Data below -
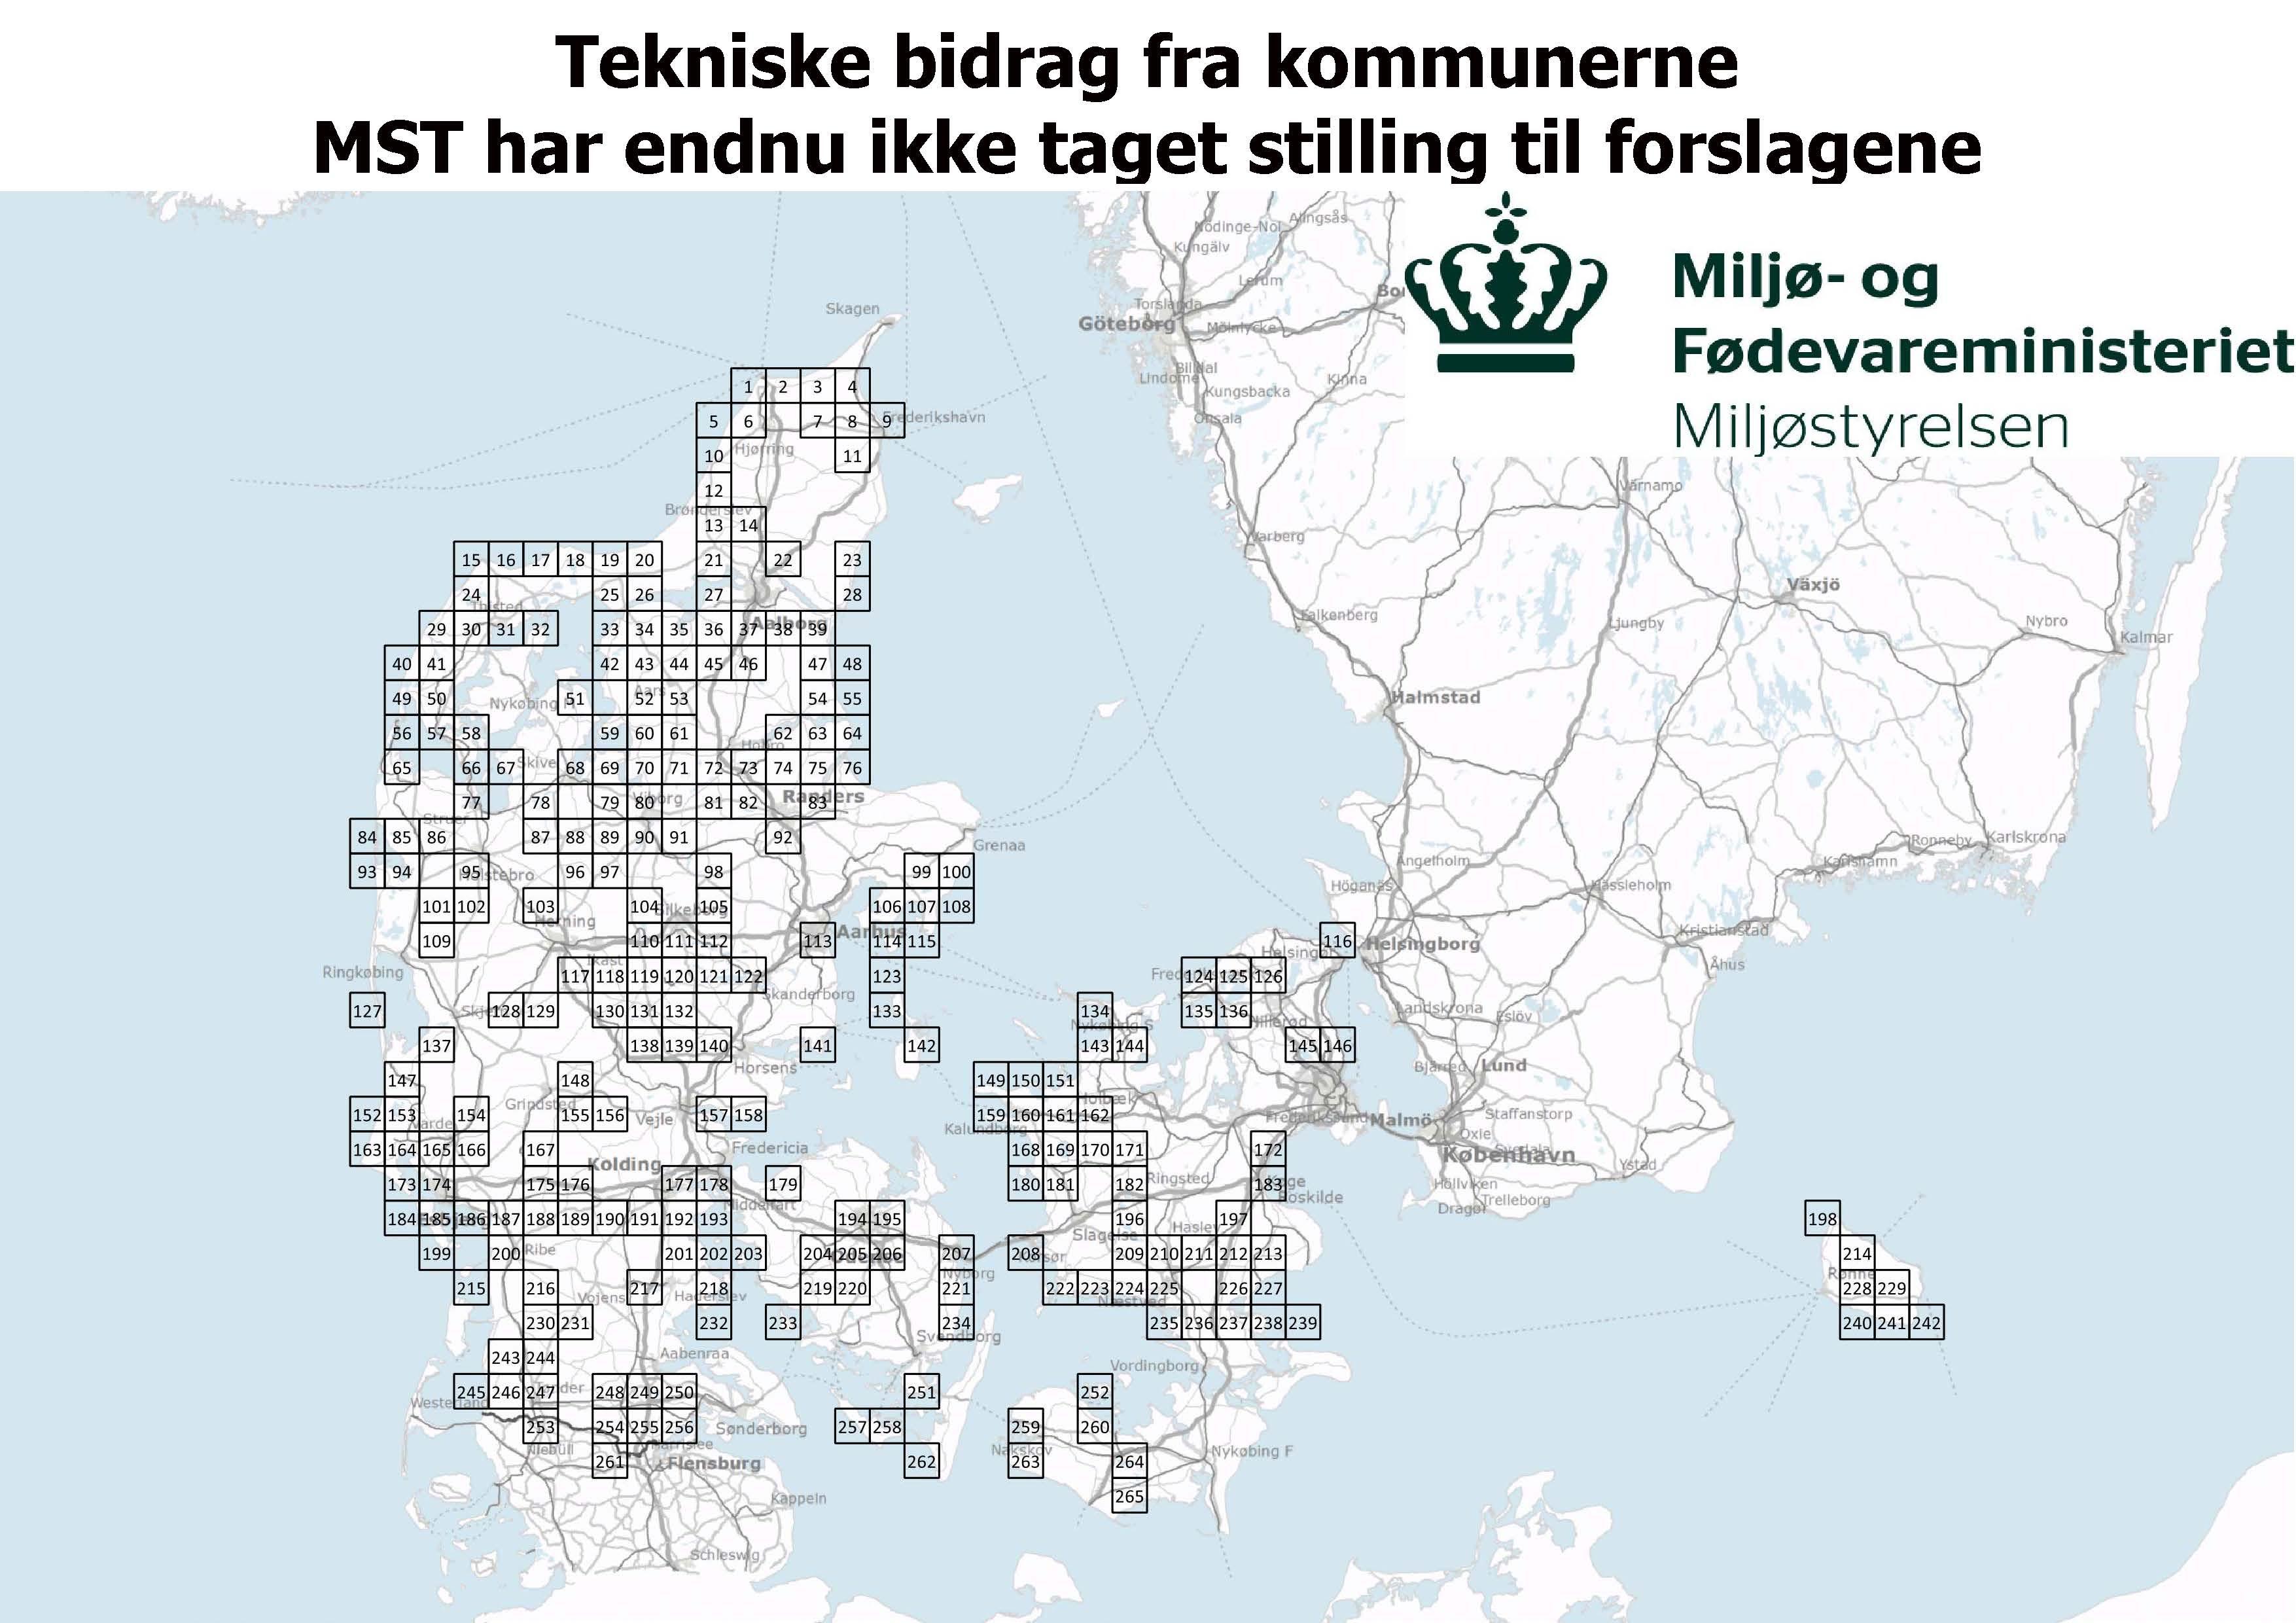 Tekniske bidrag fra kommunerne MST har endnu ikke taget stilling til forslagene
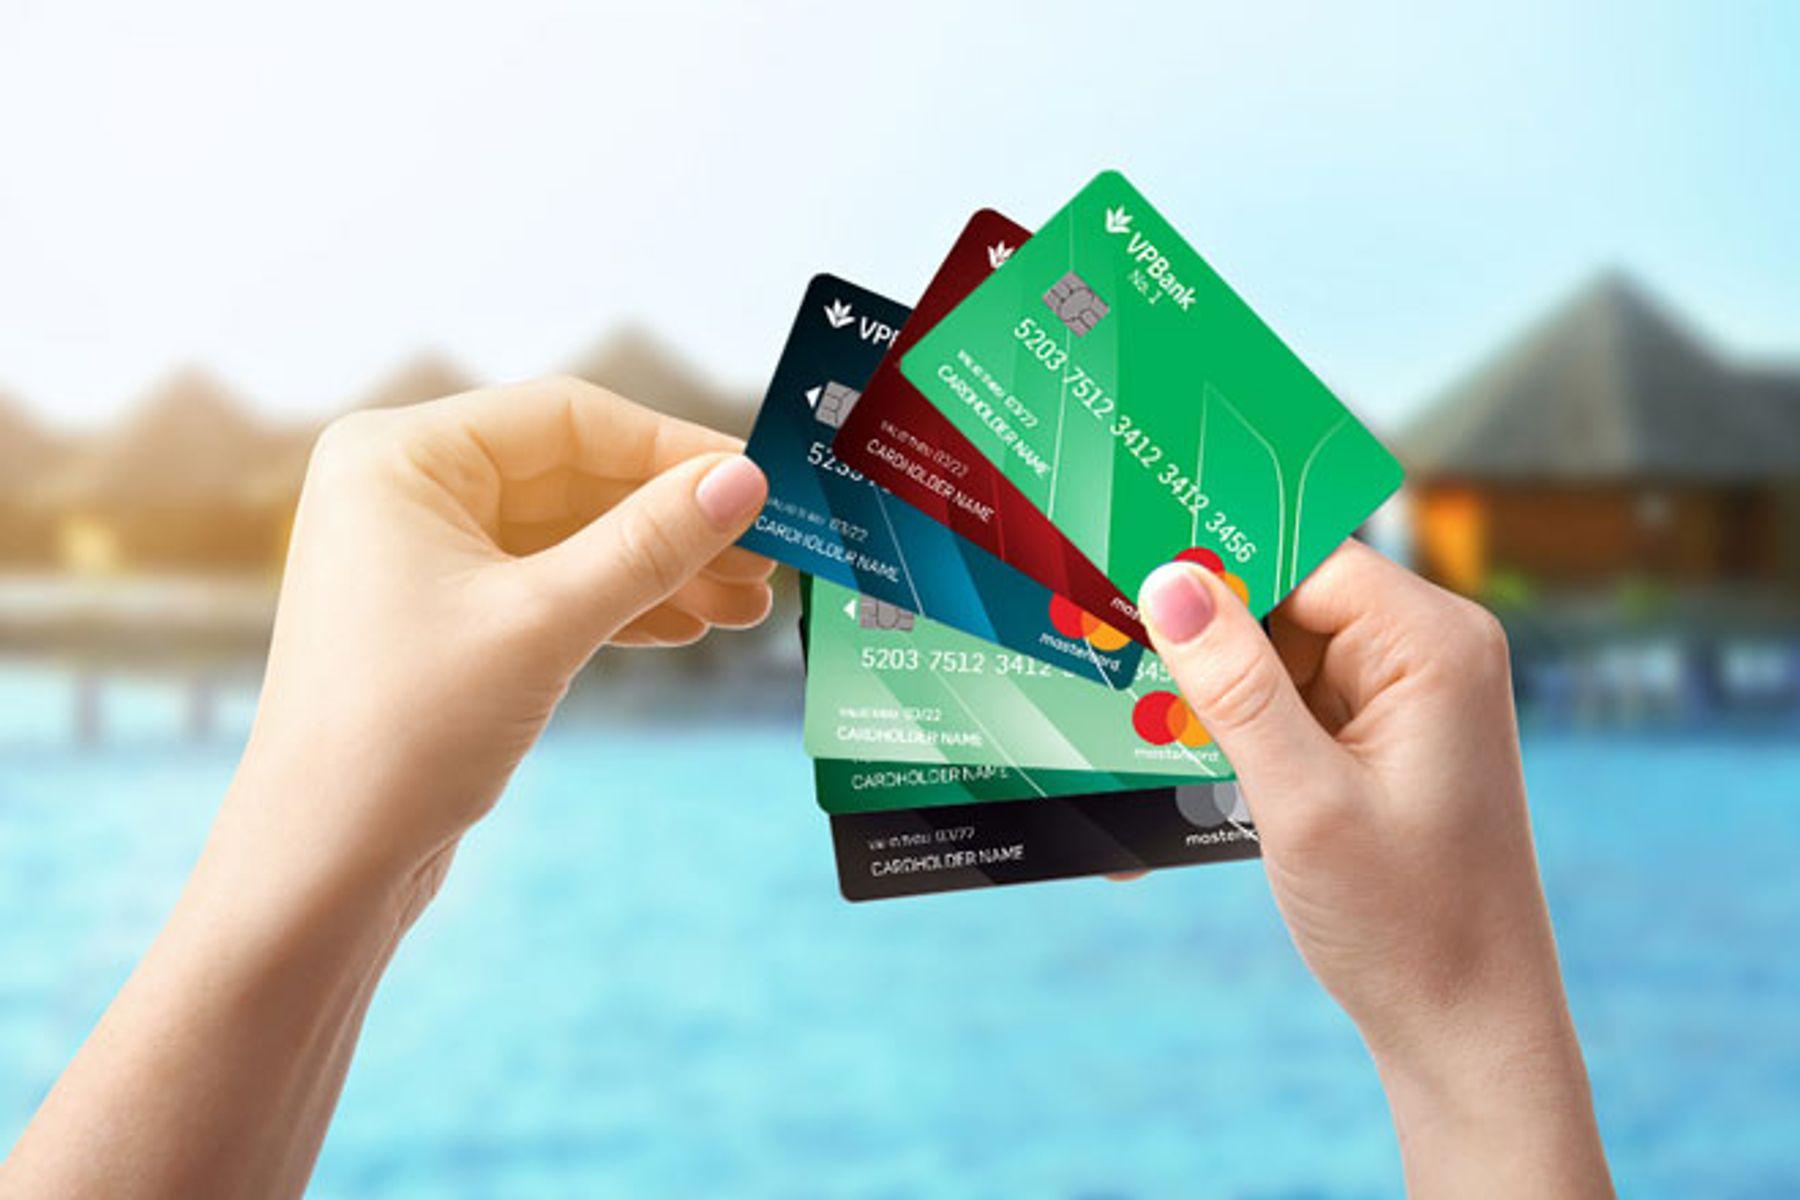 Cách tiết kiệm từ tiền lẻ - hạn chế thanh toán bằng thẻ tín dụng
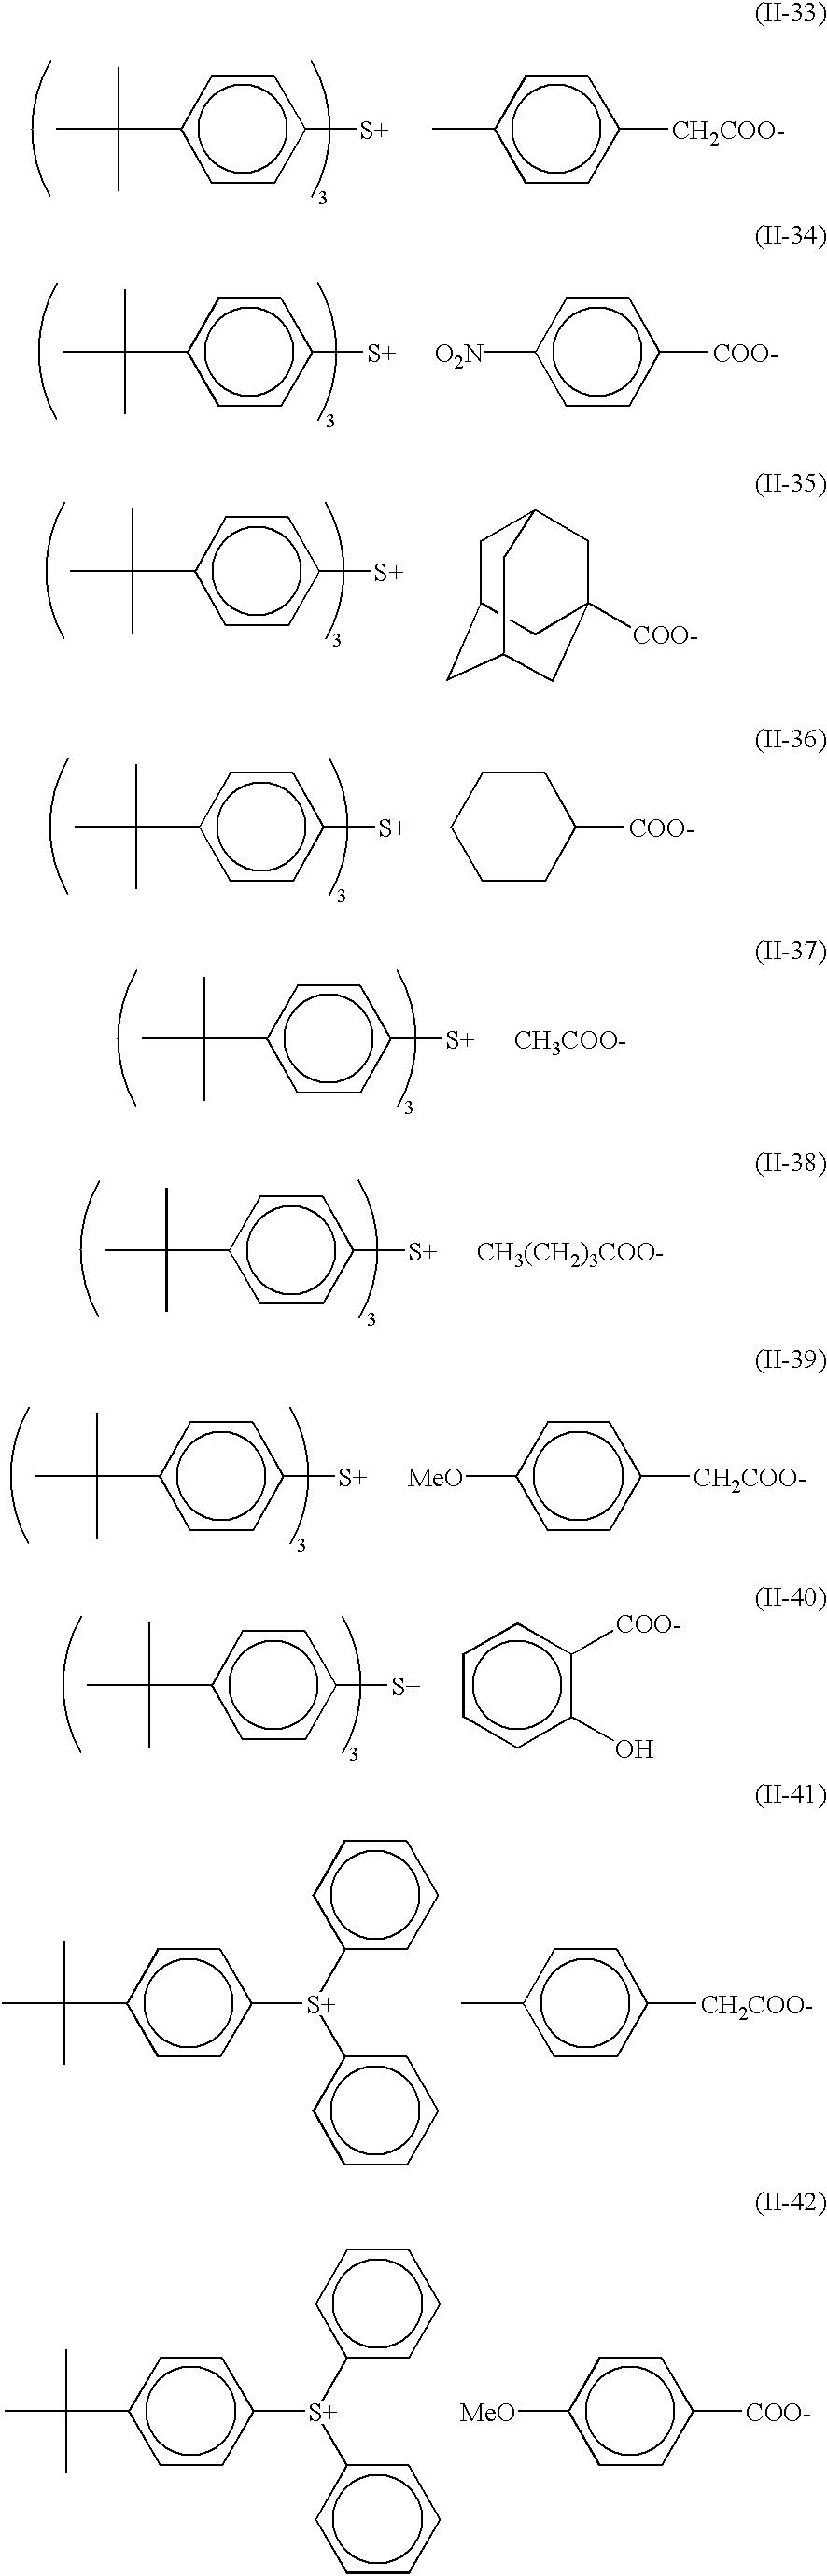 Figure US06492091-20021210-C00086
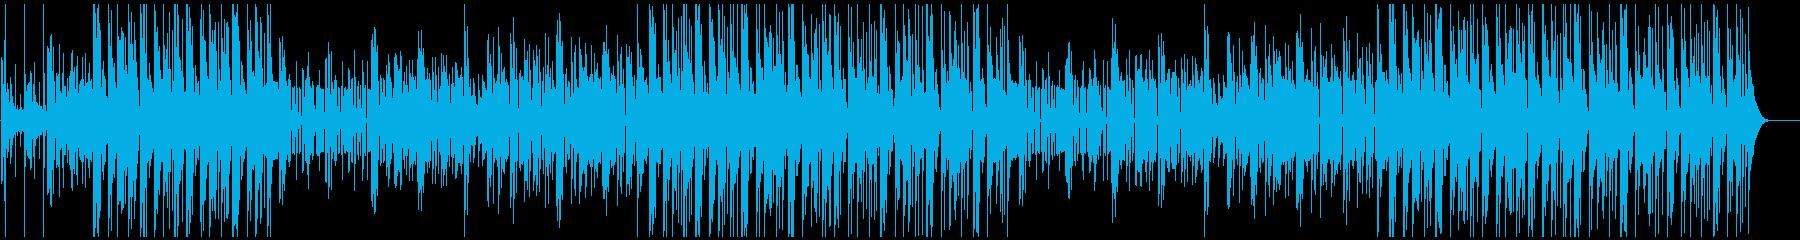 エモーショナルなTrapMusicの再生済みの波形

Work to be completed - Your answer must be the full listing, copied exactly, with no pictures in it.

Expected answer -
 Tekniske bidrag fra kommunerne MST har endnu ikke taget stilling til forslagene
 Cách tiết kiệm từ tiền lẻ - hạn chế thanh toán bằng thẻ tín dụng
 Figure US06492091-20021210-C00086
 エモーショナルなTrapMusicの再生済みの波形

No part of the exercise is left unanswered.